Il mondo della clinica e della ricerca sono ancora separati. Parliamo due linguaggi diversi, abbiamo obiettivi distinti. L’ospedale del topo ci ha aiutati a creare un nuovo concetto di ospedale. Il ricercatore di base che ingegnerizza il topino, il clinico, il farmacologo, il genetista: questo è il mio team. Una trentina di persone, medici, biologi e chimici che collaborano in una squadra. Naturalmente si tratta di una realtà realizzabile se si ha a disposizione una equipe numerosa ed una struttura che possiede queste componenti. Quando abbiamo realizzato la modellistica dei roditori e ci siamo resi conto che il topino sviuppava la stessa leucemia dell’uomo, siamo riusciti a convincere i nostri clinici dell’applicabilità dei nostri ritrovati, solo perchè loro si recavano personalmente presso il nostro laboratorio, ascoltavano i nostri dati convincendosi che i nostri pazienti surrogati reagivano come dei veri e propri pazienti. Nonstante viviamo in un mondo virtuale in cui tutto sembra meno lontano, la vicinanza fisica è imprescindibile: noi operiamo come laboratorio di ricerca di base all’interno di struttura ospedaliera contigua. A volte passano anni prima che un lavoro di ricerca non pubblicato venga accettato, mentre l’informazione di corridoio gira molto velocemente: se si interagisce con clinici su base quotidiana, il trasferimento della ricerca dalla scoperta di base alla fase clinica avviene in maniera immediata. E sono questi i tempi di cui necessitiamo, per vincere la nostra lotta contro il cancro.

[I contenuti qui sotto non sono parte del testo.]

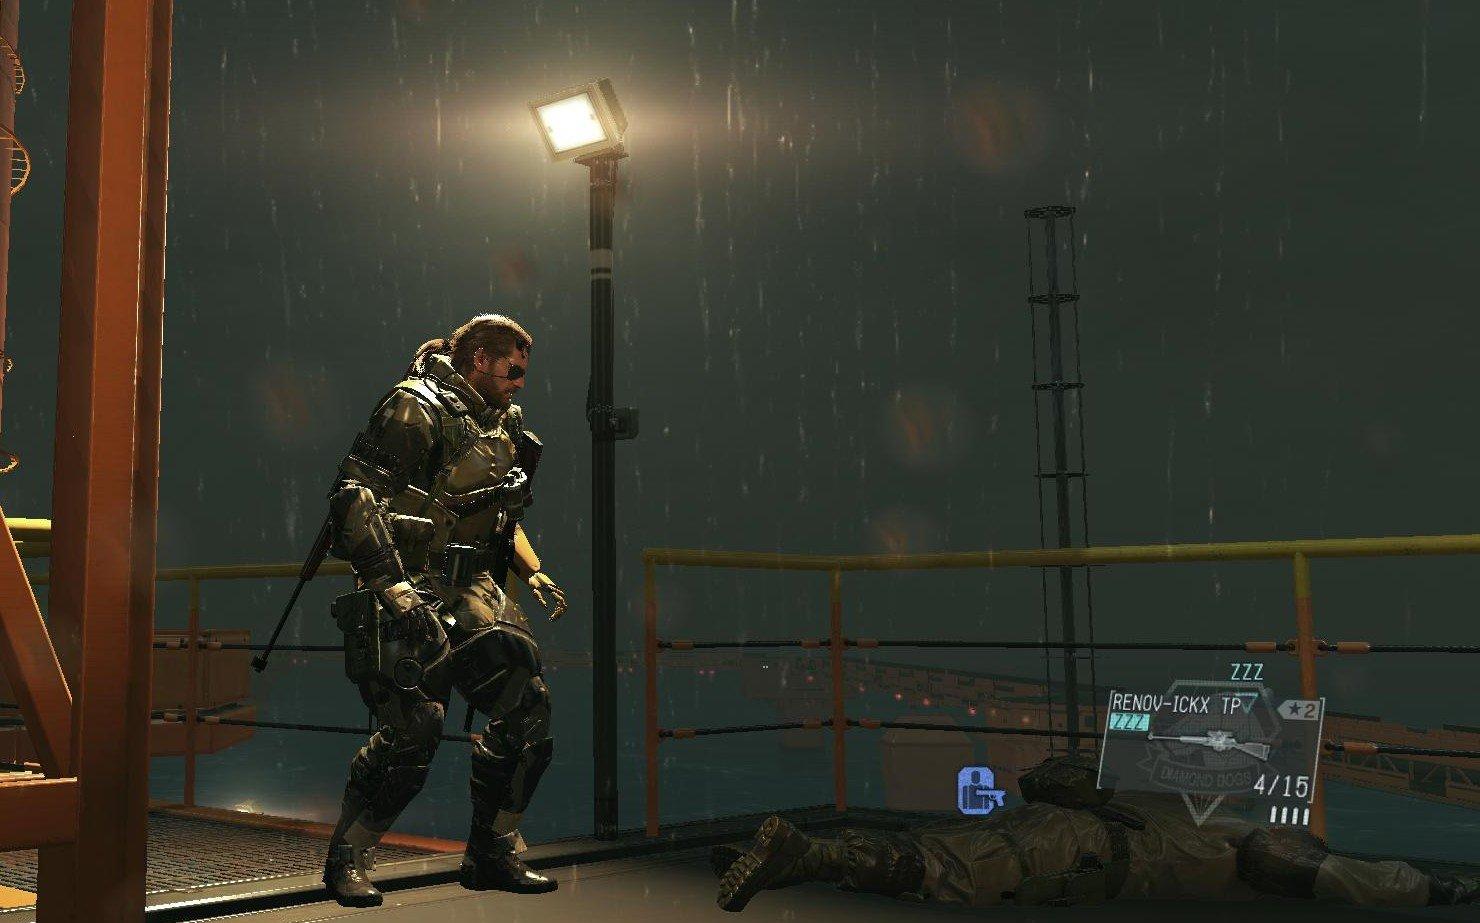 И снова о Metal Gear Solid V, а еще о fps на разных картах. - Изображение 3
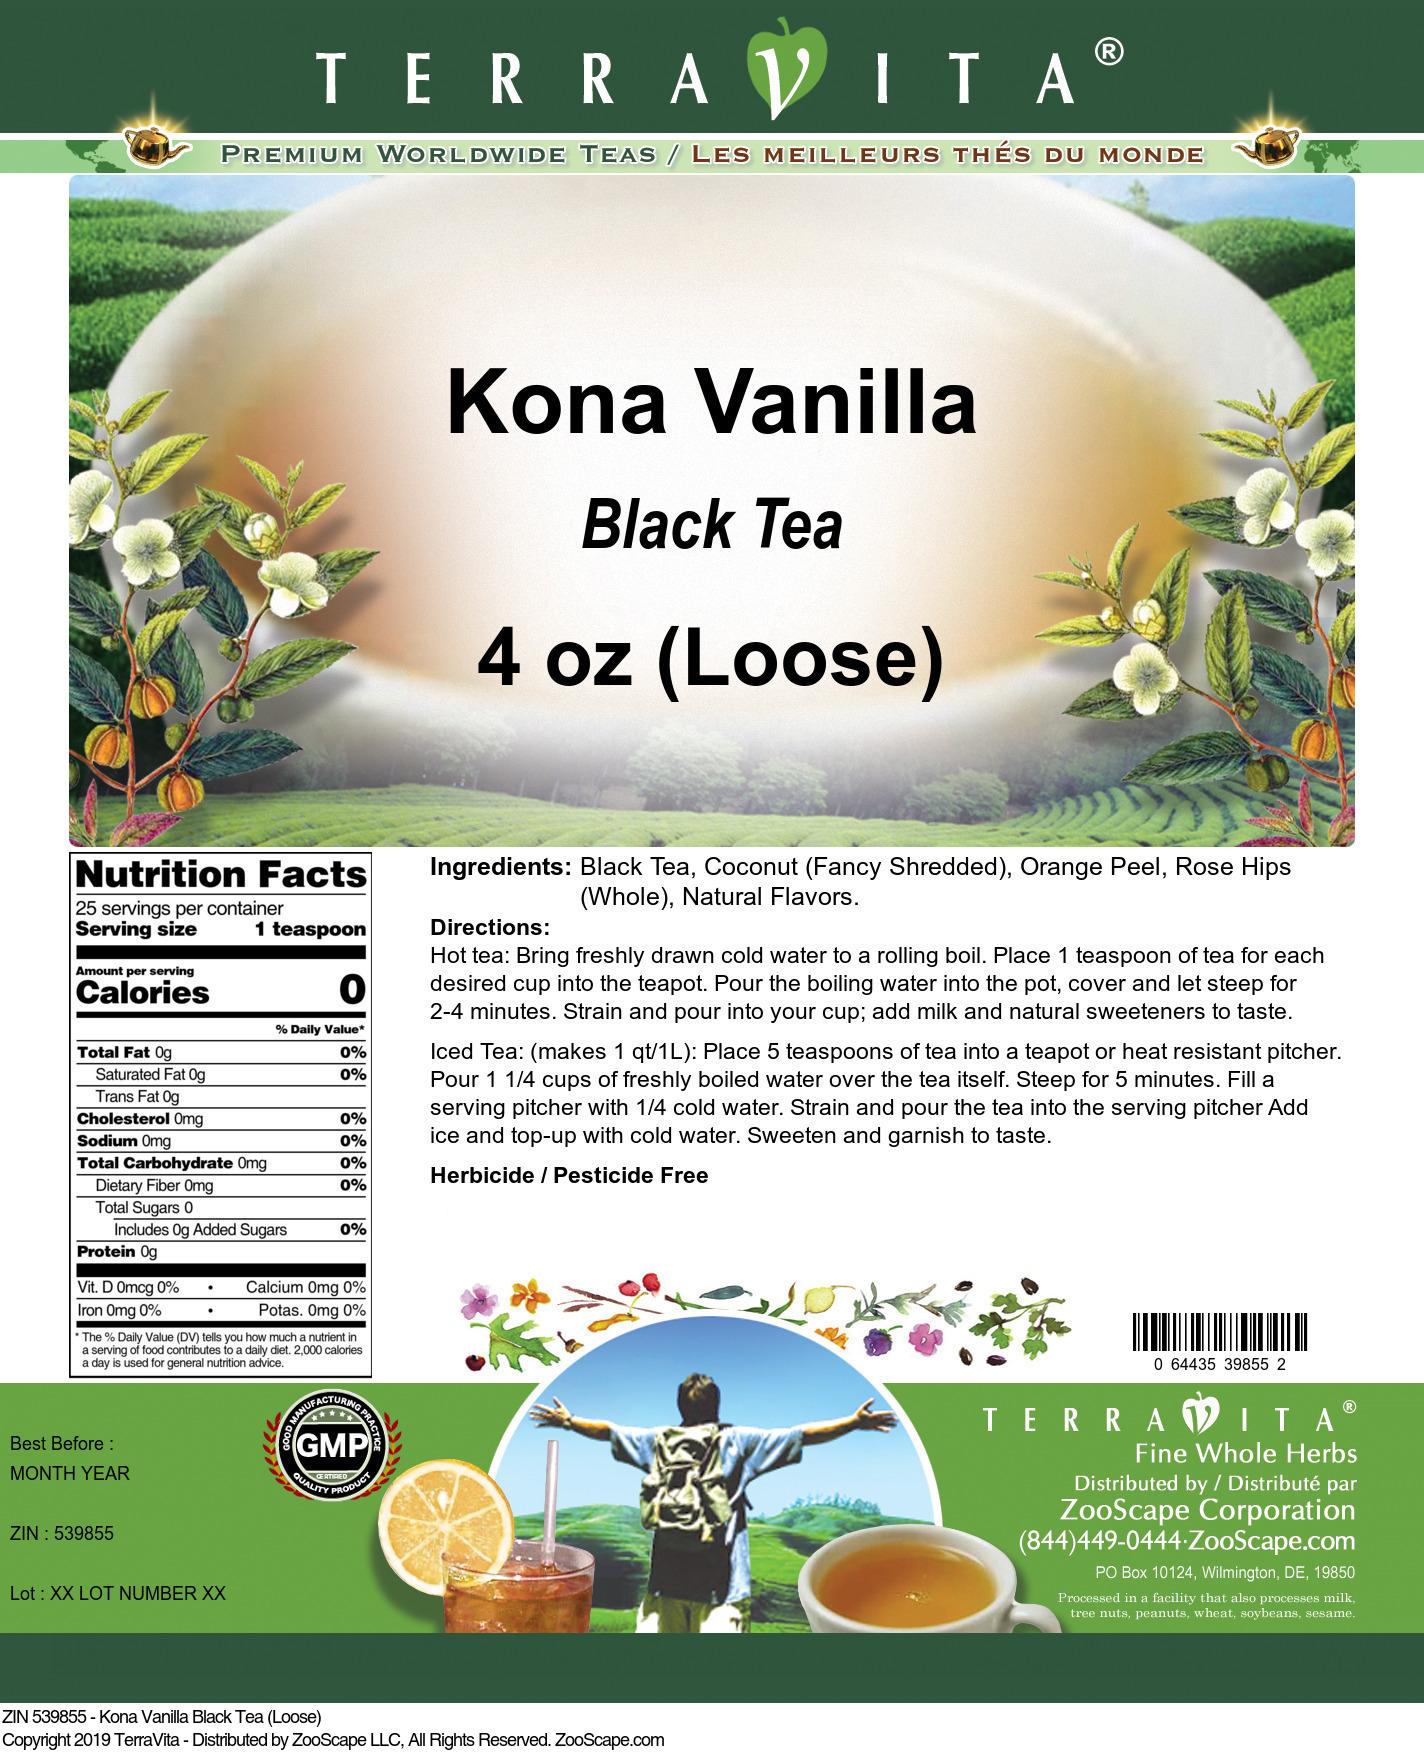 Kona Vanilla Black Tea

Nato nel 1963 a Roma, il Prof. Pandolfi è laureato all’Universita’ di Perugia e specializzato presso il National Institute for Medical Research dell’Universita’ di Londra. Dopo aver insegnato e diretto la ricerca sulla genetica del Cancro presso la Cornell University e il Memorial Sloan Kettering Cancer Center di New York, da Settembre 2007, Pandolfi viene reclutato alla Harvard University dove e’ Professore di Medicina e Patologia Medica, Direttore Scientifico del Beth-Israel Deaconess Cancer Center di Harvard e direttore del Cancer Genetics Program. Oltre al recente Pezcoller Award, Pandolfi ha ricevuto numerosi premi ed onoreficienze, incluso il MERIT Award del National Institutes of Health/National Cancer; lo Stohlman Scholar Award della societa’ Americana per la Leucemia ed il Linfoma; il premio per la ricerca sul cancro Sergio Lombroso del Weizmann Institute of Science; il premio della fondazione William and Linda Steere; ed il premio per l’eccellenza in medicina dalla fondazione Italo-americana per il Cancro.